Seafood: dernière bruxelloise ou pas?

Le plus grand salon professionnel international organisé au Heysel - pour la dernière fois cette année - doit avoir lieu du 21 au 23 avril prochain. Les années précédentes, le SeaFood comptait un nombre de participants chinois et asiatiques important. Et pas des seconds couteaux. Et toutes les chambres d'hôtel de Bruxelles et de son Hinterland étaient louées au prix fort par les participants venus du monde entier vanter ou sentir leur poisson. Annulée ou pas, la dernière édition bruxelloise de cette foire de dimension hors catégorie devrait subir les effets de ce que certains n’hésitent plus à appeler une pandémie, depuis les derniers foyers confirmés en Corée du Sud et en Italie. Contactés, les organisateurs de SeaFood n’ont pas répondu à nos questions.

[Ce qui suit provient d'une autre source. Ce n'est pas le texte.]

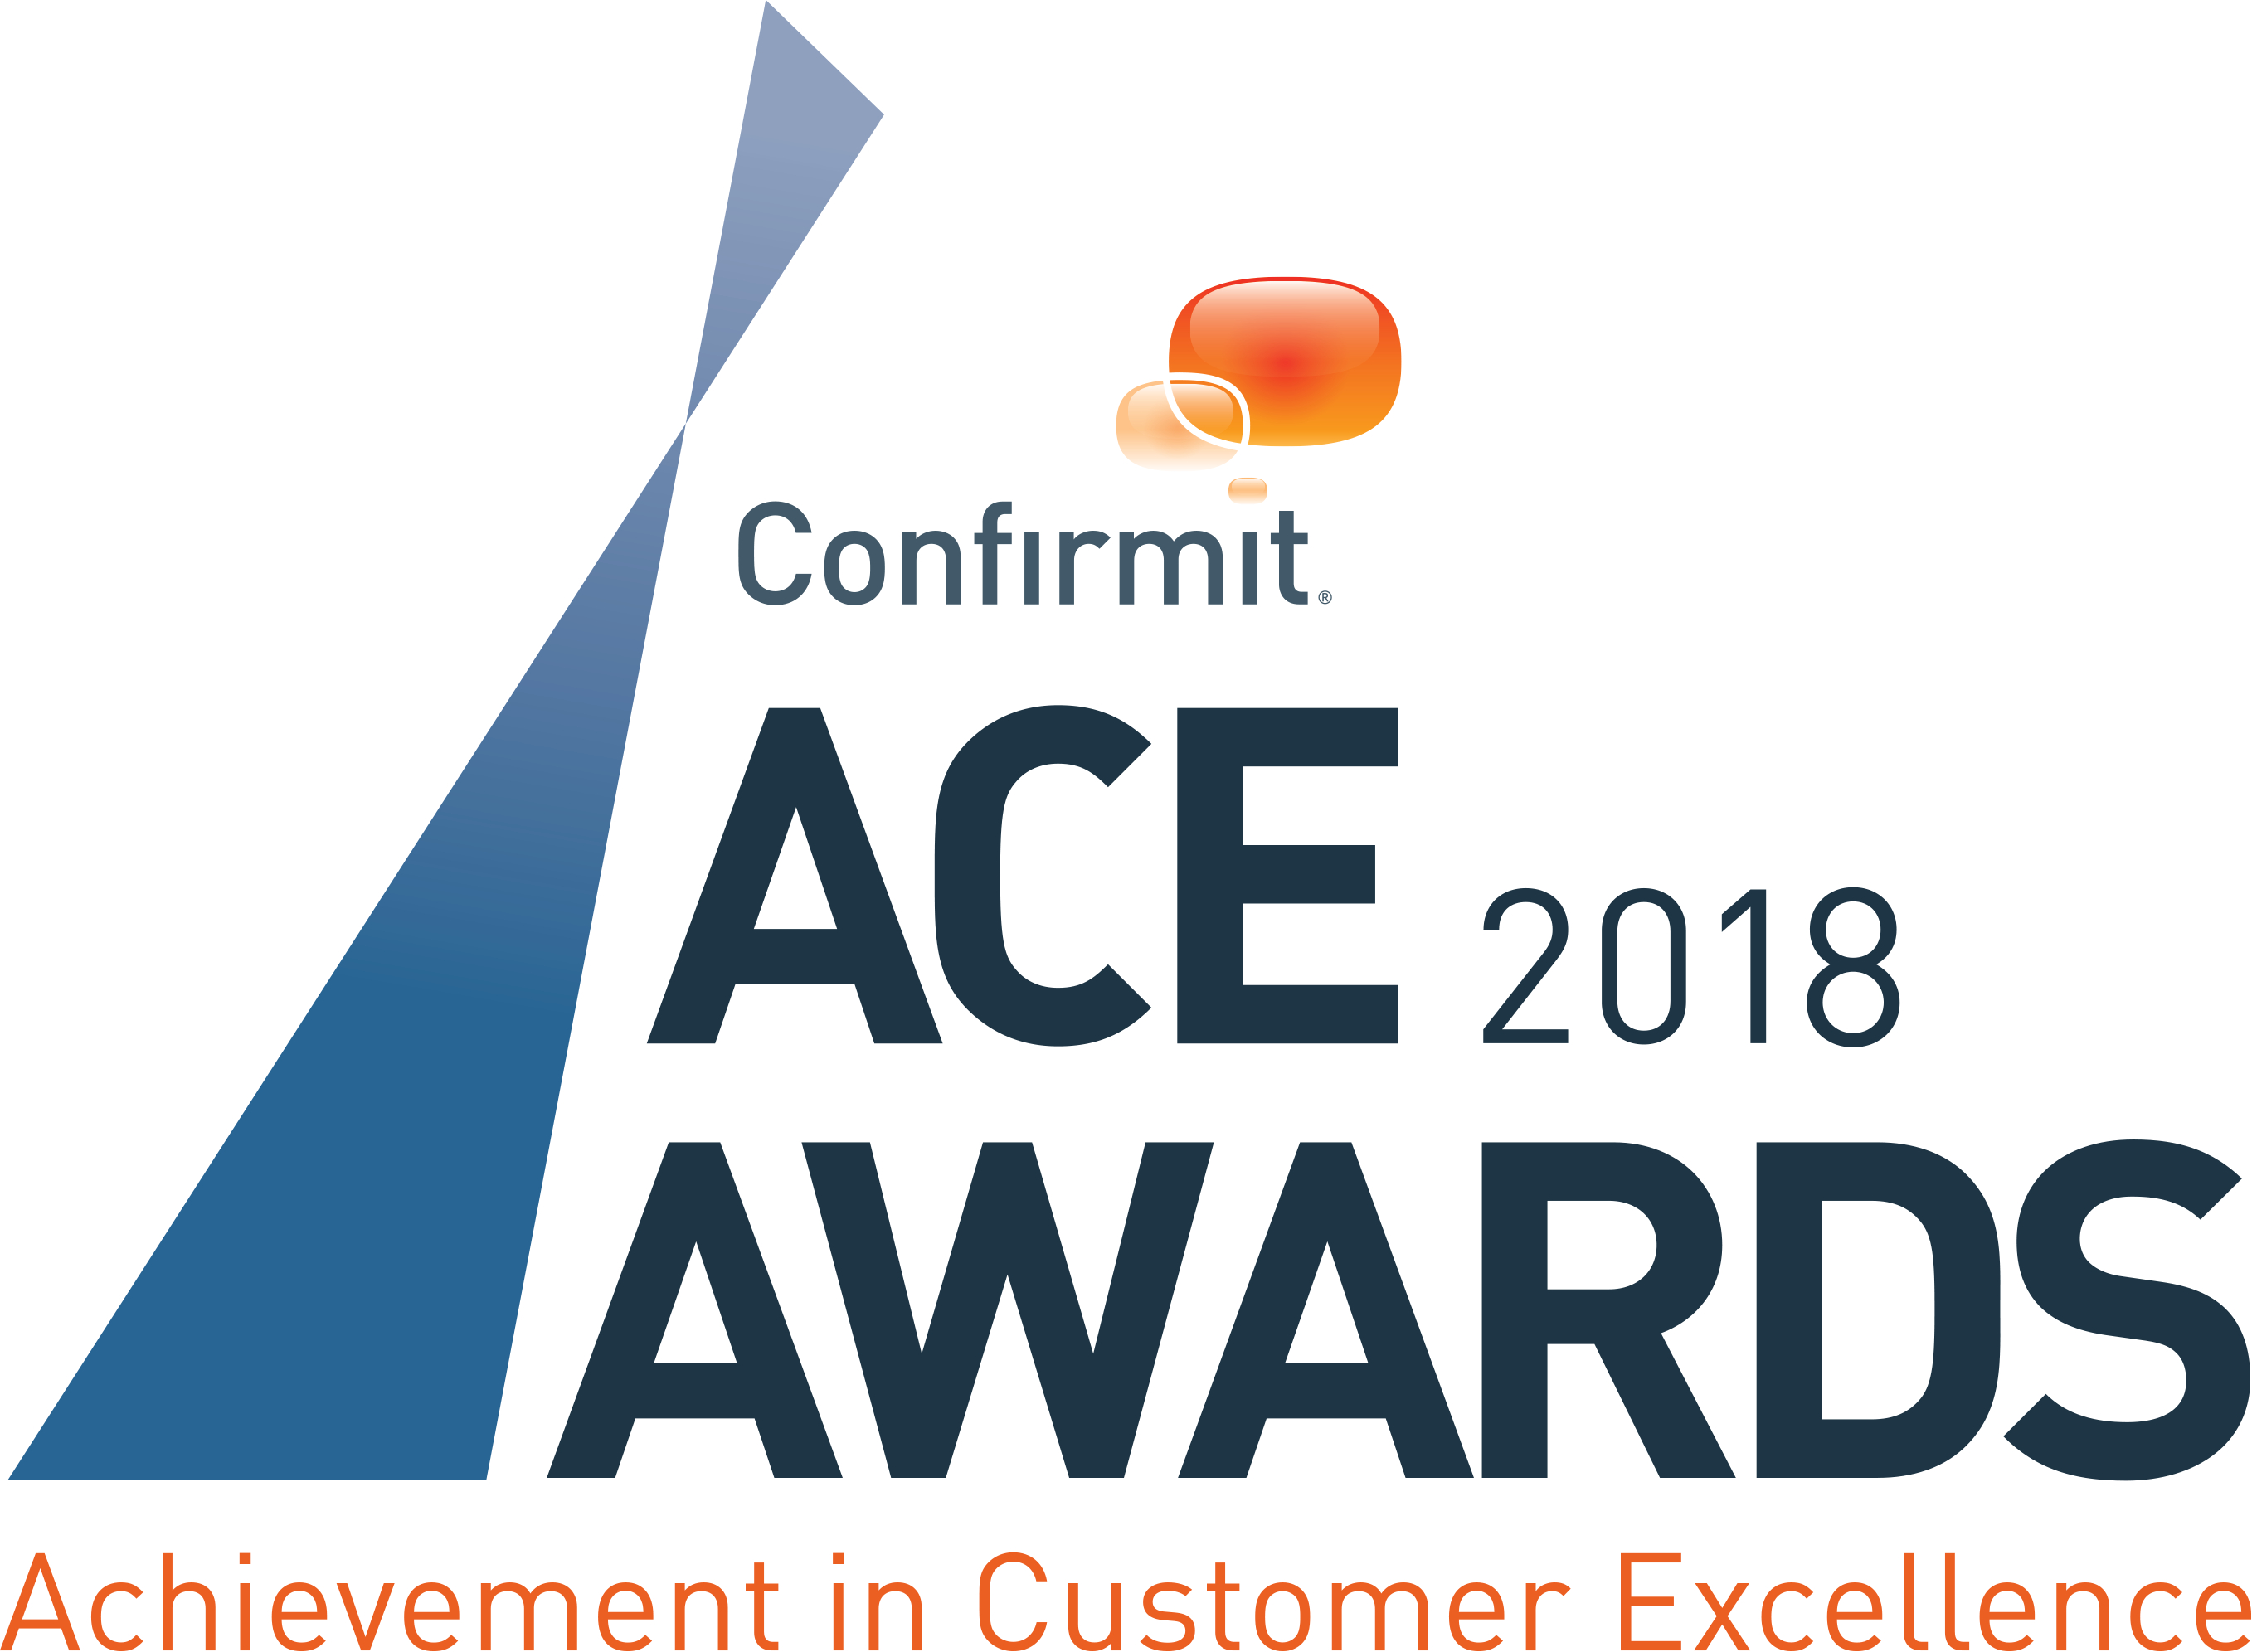 KDI Confirmit ACE Awards 2018 Logo 300

Pour les organisateurs de salon, c’est en tout cas le casse-tête intégral. "Deux mois avant un salon, toutes les dépenses d’un organisateur ont déjà été engagées. Si la crise se confirme, il faudra faire le dos rond et passer l’année", détaille Eric Everard. Annuler un salon quelques semaines avant son organisation se traduit en perte sèche. Pour l'instant, ce sont surtout les organisateurs allemands qui souffrent le plus de la crise, surtout qu'ils font souvent un copier-coller de leur salon en Chine.

Mais la relative bonne nouvelle pour le secteur, c'est qu'une bonne partie de la saison est déjà passée. La saison commence en septembre et finit fin avril. Donc, 75 à 80% des salons sont déjà passés. Après, on espère que le retour des beaux jours aura raison de ce virus.